[Records for the exercise]
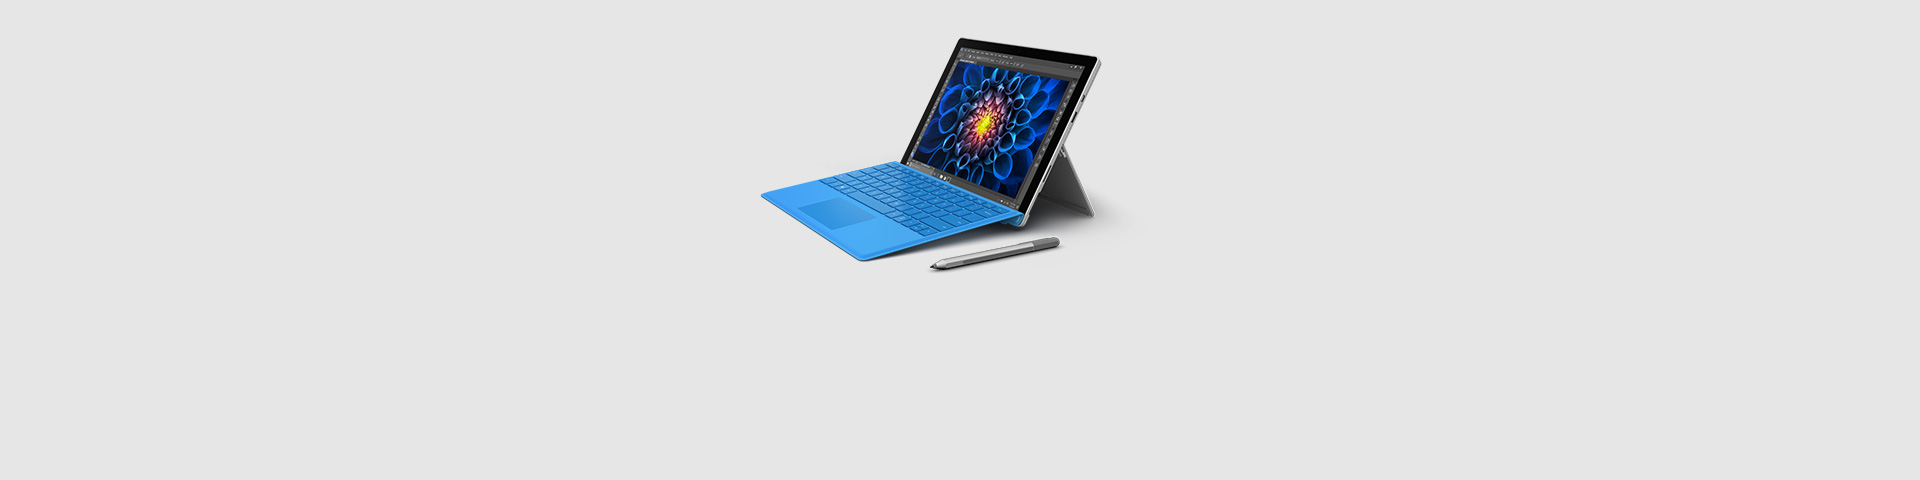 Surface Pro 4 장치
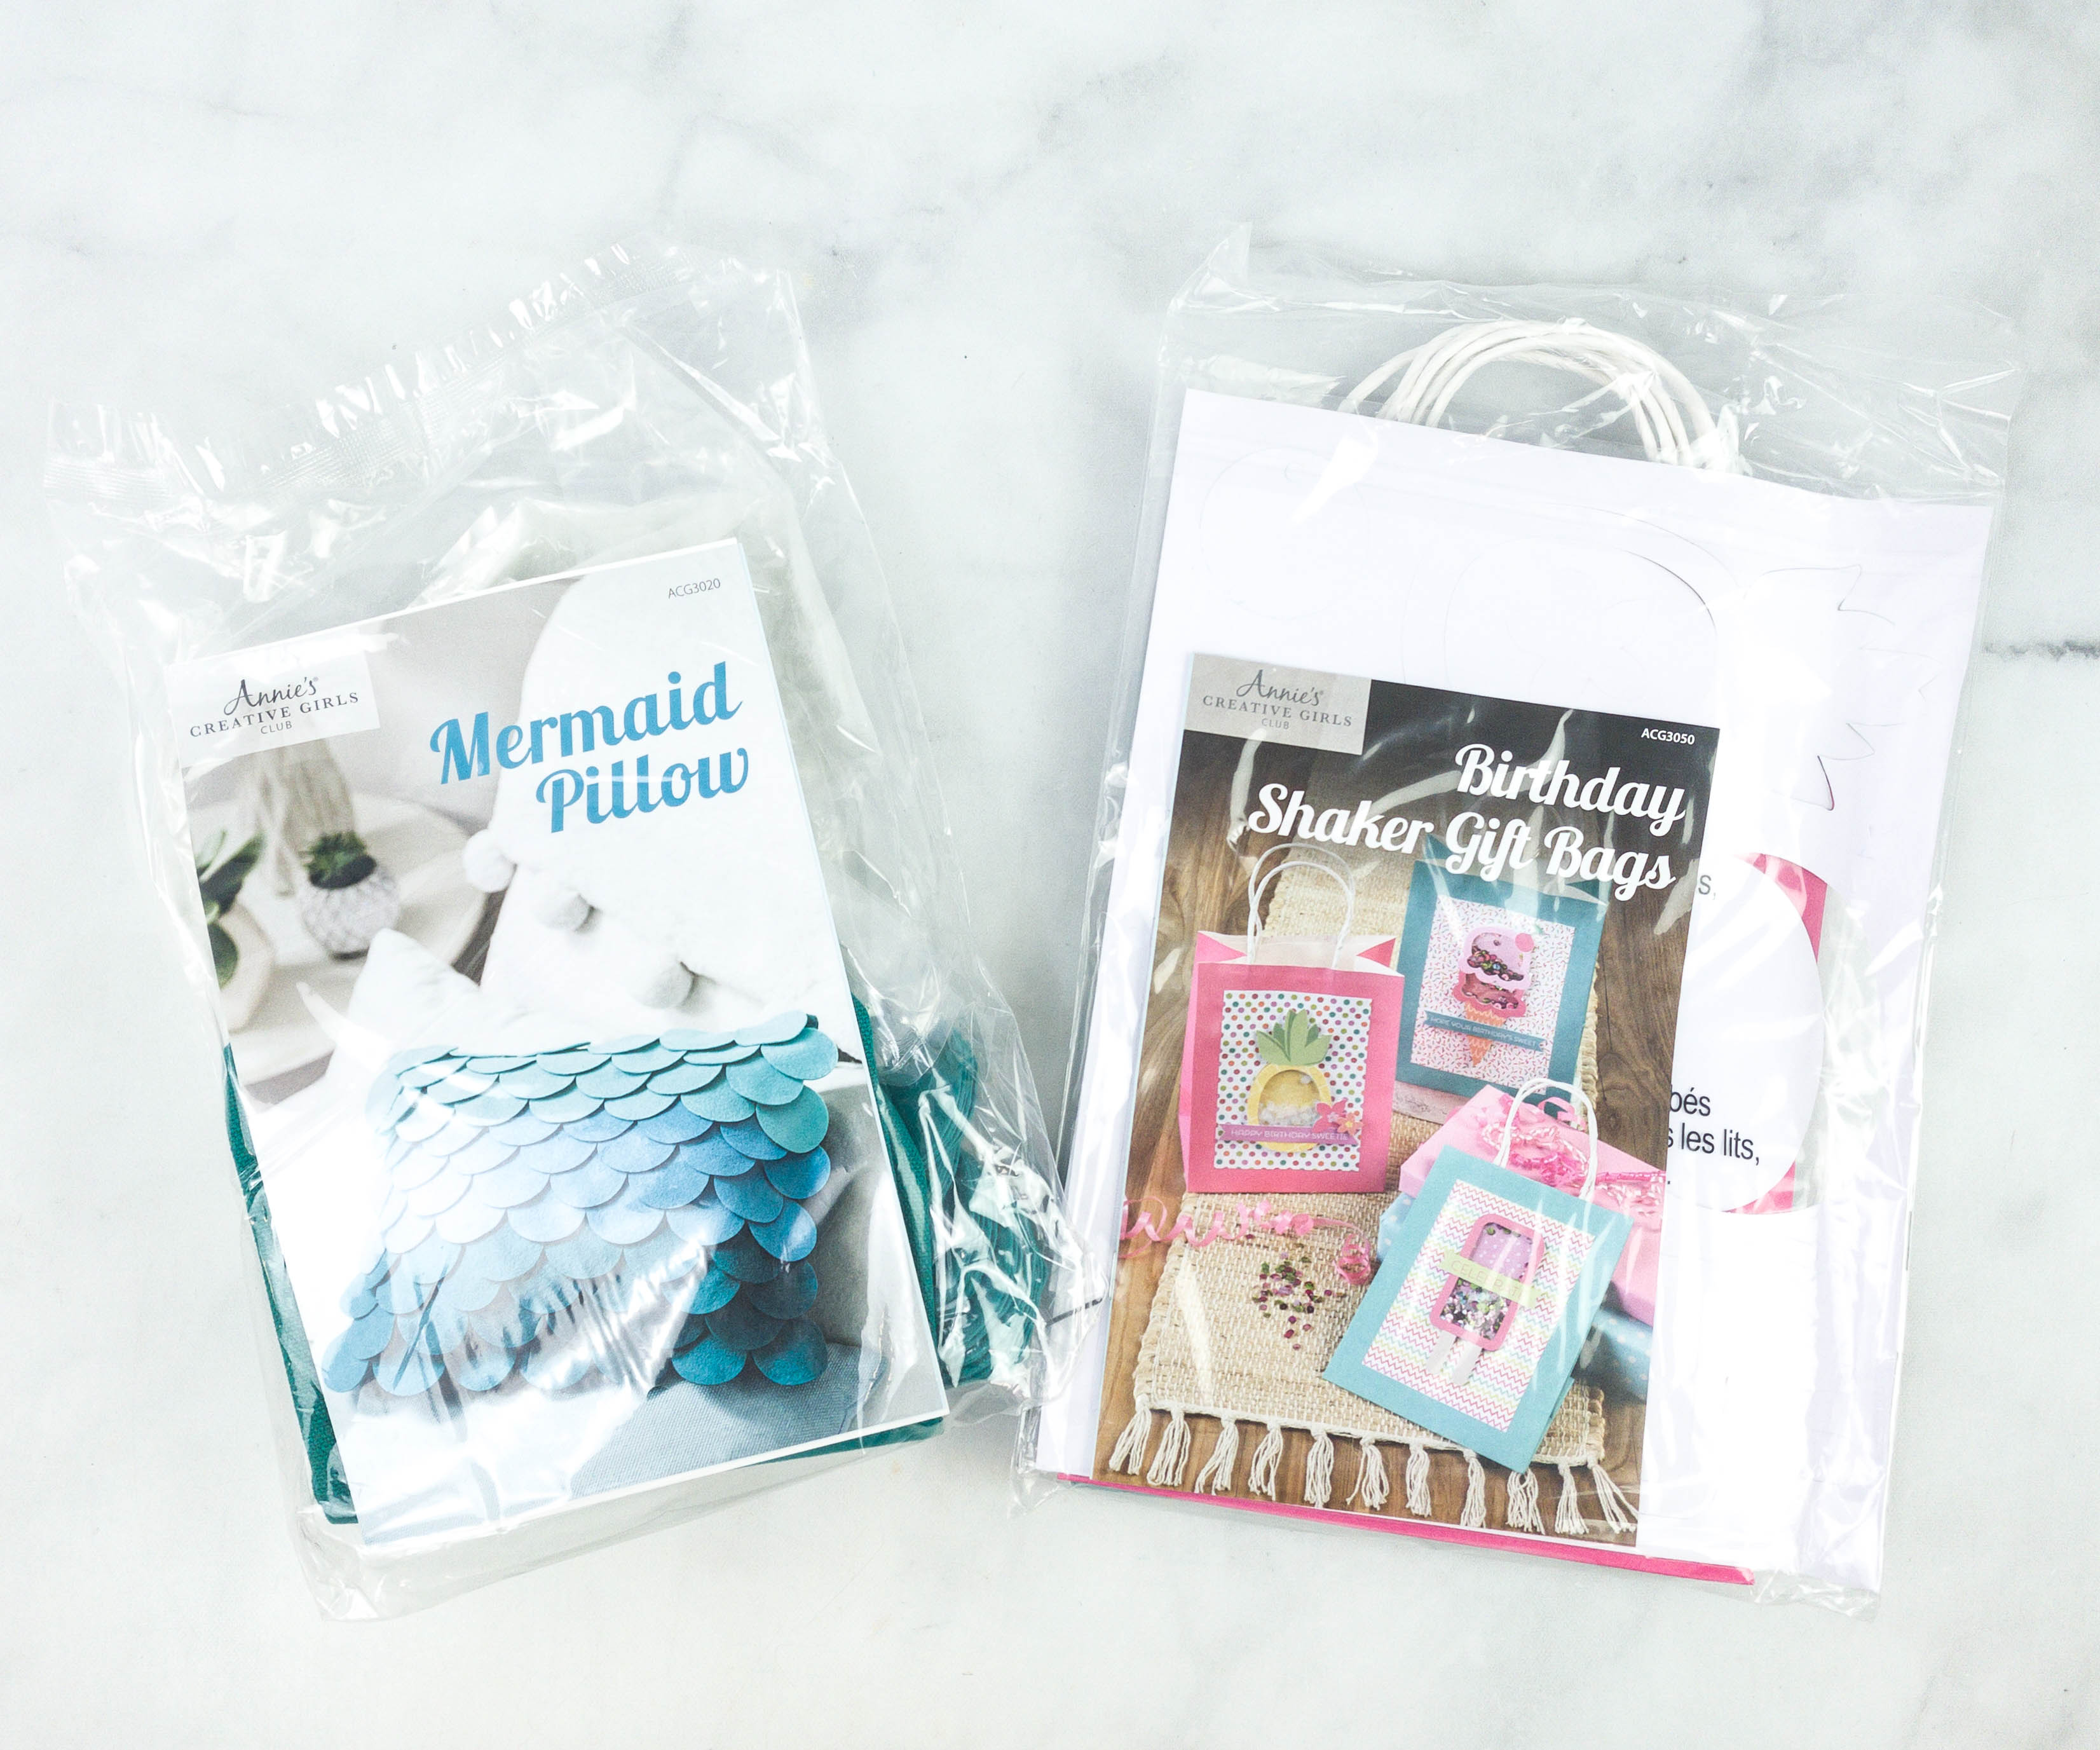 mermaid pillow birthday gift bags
* * *
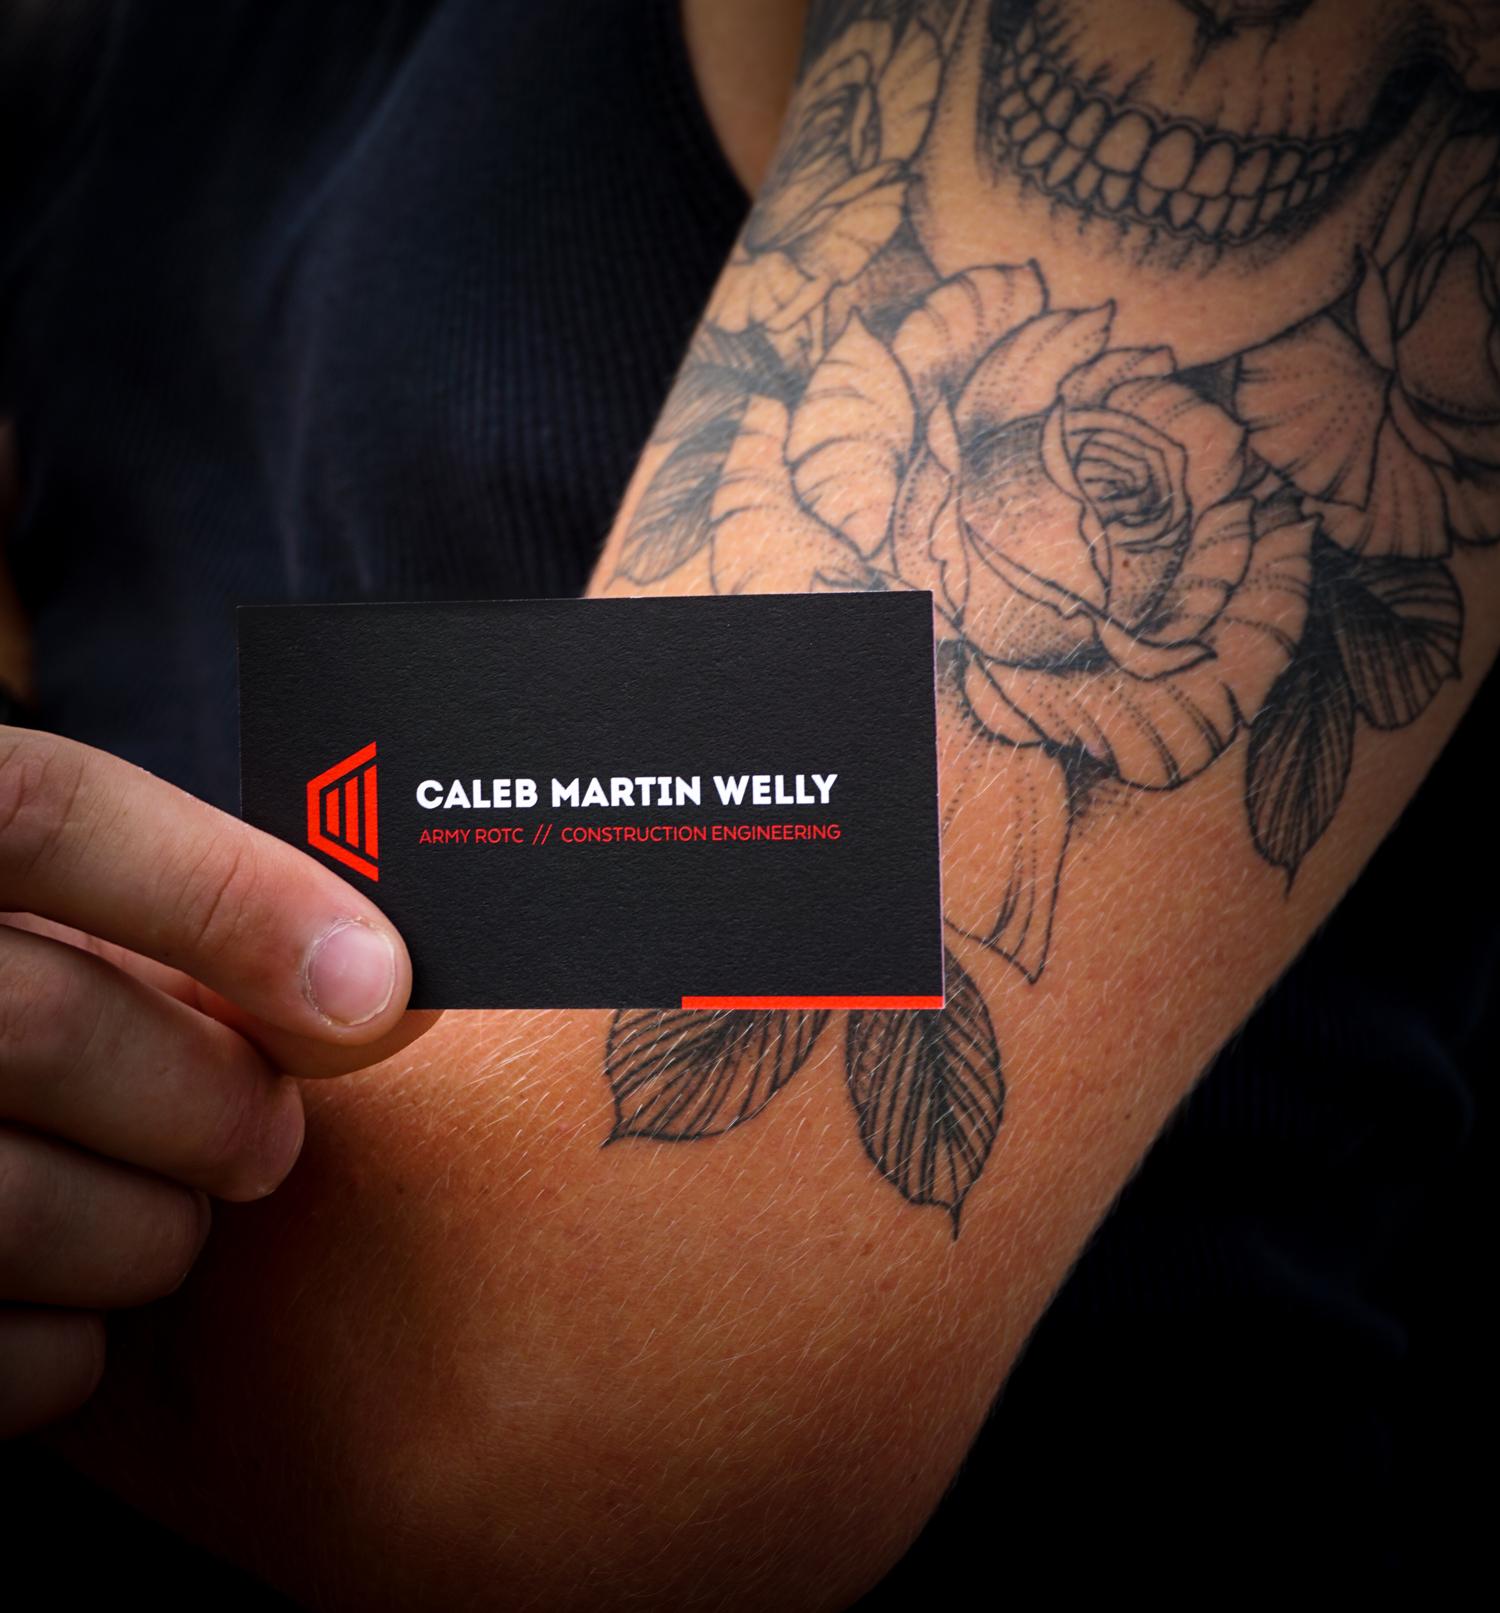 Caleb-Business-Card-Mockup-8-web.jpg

[What you are asked to do] The answer should consist only of the lines above from the one with "Surface Pro 4 장치" through the one with "mermaid pillow birthday gift bags", repeated exactly, with no pictures among them.

[Expected output]
 Surface Pro 4 장치
 mermaid pillow birthday gift bags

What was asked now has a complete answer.